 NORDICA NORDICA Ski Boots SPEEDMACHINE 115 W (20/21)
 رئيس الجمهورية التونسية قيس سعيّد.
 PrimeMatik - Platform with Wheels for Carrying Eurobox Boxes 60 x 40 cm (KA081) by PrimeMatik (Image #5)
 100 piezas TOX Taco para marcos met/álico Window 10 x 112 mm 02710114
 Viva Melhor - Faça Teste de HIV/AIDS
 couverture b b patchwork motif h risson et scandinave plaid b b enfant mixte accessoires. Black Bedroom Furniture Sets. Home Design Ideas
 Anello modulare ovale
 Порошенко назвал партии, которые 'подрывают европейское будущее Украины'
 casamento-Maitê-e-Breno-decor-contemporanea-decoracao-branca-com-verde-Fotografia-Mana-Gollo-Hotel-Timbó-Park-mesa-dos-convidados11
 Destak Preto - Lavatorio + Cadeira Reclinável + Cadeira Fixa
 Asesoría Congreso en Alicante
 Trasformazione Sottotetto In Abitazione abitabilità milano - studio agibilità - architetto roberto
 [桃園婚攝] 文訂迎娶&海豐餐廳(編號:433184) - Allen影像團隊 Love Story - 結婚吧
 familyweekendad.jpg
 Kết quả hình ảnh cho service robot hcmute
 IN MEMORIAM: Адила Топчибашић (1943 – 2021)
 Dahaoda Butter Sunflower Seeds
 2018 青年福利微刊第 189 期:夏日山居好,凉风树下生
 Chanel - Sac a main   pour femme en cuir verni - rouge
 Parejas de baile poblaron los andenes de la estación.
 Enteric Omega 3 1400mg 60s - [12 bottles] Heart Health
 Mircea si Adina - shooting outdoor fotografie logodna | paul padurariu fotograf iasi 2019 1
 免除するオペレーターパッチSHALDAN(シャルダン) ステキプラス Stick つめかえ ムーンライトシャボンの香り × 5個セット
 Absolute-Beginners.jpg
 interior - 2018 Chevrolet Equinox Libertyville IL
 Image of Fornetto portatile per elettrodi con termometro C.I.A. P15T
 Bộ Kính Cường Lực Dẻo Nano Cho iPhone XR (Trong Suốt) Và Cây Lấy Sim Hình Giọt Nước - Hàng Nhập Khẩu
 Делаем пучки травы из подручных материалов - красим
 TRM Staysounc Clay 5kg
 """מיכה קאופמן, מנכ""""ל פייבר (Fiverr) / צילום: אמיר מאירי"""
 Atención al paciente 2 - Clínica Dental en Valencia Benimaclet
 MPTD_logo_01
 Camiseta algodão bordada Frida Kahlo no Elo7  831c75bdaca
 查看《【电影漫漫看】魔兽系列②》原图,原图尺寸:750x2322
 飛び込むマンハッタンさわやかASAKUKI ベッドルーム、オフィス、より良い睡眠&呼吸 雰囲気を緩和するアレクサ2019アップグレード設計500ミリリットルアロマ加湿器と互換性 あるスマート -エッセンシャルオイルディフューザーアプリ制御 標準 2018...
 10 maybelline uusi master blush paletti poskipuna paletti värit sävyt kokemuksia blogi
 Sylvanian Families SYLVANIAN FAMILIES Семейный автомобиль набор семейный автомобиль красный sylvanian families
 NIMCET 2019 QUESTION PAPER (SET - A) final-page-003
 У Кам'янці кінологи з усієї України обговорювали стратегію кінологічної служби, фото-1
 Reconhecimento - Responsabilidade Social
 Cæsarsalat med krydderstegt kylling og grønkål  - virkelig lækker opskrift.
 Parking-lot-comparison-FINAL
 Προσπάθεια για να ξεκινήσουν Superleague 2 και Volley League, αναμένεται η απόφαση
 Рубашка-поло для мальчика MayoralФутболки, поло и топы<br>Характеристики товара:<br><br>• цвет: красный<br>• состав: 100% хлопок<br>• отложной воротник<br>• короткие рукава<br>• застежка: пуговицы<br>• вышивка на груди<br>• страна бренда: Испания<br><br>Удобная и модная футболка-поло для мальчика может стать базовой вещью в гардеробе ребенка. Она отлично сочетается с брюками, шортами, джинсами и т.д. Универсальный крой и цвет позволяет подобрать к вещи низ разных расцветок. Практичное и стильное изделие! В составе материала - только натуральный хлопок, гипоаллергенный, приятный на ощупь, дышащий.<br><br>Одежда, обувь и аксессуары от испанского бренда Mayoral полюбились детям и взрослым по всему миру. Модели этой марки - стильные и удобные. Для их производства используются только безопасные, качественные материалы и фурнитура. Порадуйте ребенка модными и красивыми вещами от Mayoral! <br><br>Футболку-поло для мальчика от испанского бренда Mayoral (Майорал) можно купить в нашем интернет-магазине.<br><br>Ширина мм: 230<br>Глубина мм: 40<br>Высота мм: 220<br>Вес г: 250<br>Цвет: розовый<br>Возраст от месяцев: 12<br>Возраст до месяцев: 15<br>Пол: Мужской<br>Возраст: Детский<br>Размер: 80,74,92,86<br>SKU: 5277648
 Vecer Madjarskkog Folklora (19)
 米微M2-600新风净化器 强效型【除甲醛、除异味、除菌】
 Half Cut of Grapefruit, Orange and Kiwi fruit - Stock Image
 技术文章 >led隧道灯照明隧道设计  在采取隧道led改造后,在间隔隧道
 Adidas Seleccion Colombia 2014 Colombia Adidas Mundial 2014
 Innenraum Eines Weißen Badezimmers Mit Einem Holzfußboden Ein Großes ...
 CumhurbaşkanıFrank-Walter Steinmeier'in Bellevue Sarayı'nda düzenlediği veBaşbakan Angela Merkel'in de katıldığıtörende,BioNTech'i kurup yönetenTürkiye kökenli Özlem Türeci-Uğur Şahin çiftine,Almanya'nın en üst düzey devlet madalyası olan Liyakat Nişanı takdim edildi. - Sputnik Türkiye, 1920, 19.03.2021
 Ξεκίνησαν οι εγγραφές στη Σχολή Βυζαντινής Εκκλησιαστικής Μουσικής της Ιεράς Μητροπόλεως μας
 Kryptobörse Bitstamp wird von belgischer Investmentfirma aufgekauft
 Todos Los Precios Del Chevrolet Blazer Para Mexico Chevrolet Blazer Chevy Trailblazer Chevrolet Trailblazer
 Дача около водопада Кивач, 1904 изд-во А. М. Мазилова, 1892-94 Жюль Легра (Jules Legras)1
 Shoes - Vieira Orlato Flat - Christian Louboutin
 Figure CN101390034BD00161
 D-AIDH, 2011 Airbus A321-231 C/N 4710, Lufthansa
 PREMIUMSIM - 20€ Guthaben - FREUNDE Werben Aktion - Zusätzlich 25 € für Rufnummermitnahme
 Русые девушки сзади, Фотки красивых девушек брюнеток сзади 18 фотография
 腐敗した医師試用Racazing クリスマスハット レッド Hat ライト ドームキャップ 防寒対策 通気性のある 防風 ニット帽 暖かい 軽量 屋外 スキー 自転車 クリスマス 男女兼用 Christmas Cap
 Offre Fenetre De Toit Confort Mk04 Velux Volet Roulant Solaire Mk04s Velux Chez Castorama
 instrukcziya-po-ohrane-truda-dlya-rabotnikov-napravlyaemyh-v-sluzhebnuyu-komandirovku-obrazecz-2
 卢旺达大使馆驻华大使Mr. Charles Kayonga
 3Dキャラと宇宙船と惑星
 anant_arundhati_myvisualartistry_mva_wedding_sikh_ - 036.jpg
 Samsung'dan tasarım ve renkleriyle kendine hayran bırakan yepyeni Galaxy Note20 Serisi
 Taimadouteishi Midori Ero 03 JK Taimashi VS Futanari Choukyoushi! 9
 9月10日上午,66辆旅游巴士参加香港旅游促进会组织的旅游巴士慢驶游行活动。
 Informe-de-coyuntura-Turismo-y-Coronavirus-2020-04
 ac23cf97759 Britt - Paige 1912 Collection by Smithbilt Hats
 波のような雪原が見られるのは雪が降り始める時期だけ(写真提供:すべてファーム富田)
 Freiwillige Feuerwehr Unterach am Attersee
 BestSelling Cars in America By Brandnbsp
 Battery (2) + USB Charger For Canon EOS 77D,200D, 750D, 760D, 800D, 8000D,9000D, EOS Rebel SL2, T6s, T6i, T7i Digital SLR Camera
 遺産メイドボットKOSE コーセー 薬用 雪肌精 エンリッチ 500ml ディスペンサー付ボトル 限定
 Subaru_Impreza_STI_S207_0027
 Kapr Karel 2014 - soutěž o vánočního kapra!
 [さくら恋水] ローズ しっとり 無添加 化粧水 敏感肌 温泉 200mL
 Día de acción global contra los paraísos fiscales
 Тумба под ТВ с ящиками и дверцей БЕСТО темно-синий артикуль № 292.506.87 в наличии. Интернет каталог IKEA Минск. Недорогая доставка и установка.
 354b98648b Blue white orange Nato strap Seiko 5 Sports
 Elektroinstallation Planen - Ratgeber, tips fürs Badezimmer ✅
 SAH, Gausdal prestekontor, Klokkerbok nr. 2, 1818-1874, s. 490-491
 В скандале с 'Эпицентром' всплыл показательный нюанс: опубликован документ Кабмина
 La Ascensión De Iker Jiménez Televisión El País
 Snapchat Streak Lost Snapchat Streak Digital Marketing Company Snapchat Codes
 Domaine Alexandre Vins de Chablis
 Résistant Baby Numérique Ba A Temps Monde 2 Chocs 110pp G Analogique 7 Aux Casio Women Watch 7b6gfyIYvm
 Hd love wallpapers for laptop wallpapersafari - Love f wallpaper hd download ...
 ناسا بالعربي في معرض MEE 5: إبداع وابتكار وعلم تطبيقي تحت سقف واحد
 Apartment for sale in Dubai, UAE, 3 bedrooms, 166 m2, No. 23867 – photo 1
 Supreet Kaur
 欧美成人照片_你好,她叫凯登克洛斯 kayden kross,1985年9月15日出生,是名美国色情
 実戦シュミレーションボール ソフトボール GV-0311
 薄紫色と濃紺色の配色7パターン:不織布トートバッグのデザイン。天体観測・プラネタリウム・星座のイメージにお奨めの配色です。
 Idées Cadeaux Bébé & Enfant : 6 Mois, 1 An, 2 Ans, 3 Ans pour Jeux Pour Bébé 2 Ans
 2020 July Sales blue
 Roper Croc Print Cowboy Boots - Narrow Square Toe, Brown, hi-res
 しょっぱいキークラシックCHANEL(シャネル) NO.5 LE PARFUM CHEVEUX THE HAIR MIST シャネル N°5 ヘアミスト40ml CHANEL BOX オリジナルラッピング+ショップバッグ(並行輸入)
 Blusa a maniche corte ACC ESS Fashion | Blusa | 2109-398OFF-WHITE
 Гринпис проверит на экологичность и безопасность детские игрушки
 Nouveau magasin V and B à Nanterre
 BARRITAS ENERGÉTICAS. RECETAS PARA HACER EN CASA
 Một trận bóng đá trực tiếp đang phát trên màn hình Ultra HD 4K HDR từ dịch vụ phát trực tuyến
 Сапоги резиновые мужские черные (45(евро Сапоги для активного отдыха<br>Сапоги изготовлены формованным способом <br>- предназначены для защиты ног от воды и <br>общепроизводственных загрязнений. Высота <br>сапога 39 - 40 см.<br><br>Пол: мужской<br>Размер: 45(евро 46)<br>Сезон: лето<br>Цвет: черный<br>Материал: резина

THE TASK: In the material above, transcribe exactly the lines beginning at the one with "3Dキャラと宇宙船と惑星" and ending at the one with "Elektroinstallation Planen - Ratgeber, tips", both included.

ANSWER TO THIS EXERCISE:
 3Dキャラと宇宙船と惑星
 anant_arundhati_myvisualartistry_mva_wedding_sikh_ - 036.jpg
 Samsung'dan tasarım ve renkleriyle kendine hayran bırakan yepyeni Galaxy Note20 Serisi
 Taimadouteishi Midori Ero 03 JK Taimashi VS Futanari Choukyoushi! 9
 9月10日上午,66辆旅游巴士参加香港旅游促进会组织的旅游巴士慢驶游行活动。
 Informe-de-coyuntura-Turismo-y-Coronavirus-2020-04
 ac23cf97759 Britt - Paige 1912 Collection by Smithbilt Hats
 波のような雪原が見られるのは雪が降り始める時期だけ(写真提供:すべてファーム富田)
 Freiwillige Feuerwehr Unterach am Attersee
 BestSelling Cars in America By Brandnbsp
 Battery (2) + USB Charger For Canon EOS 77D,200D, 750D, 760D, 800D, 8000D,9000D, EOS Rebel SL2, T6s, T6i, T7i Digital SLR Camera
 遺産メイドボットKOSE コーセー 薬用 雪肌精 エンリッチ 500ml ディスペンサー付ボトル 限定
 Subaru_Impreza_STI_S207_0027
 Kapr Karel 2014 - soutěž o vánočního kapra!
 [さくら恋水] ローズ しっとり 無添加 化粧水 敏感肌 温泉 200mL
 Día de acción global contra los paraísos fiscales
 Тумба под ТВ с ящиками и дверцей БЕСТО темно-синий артикуль № 292.506.87 в наличии. Интернет каталог IKEA Минск. Недорогая доставка и установка.
 354b98648b Blue white orange Nato strap Seiko 5 Sports
 Elektroinstallation Planen - Ratgeber, tips fürs Badezimmer ✅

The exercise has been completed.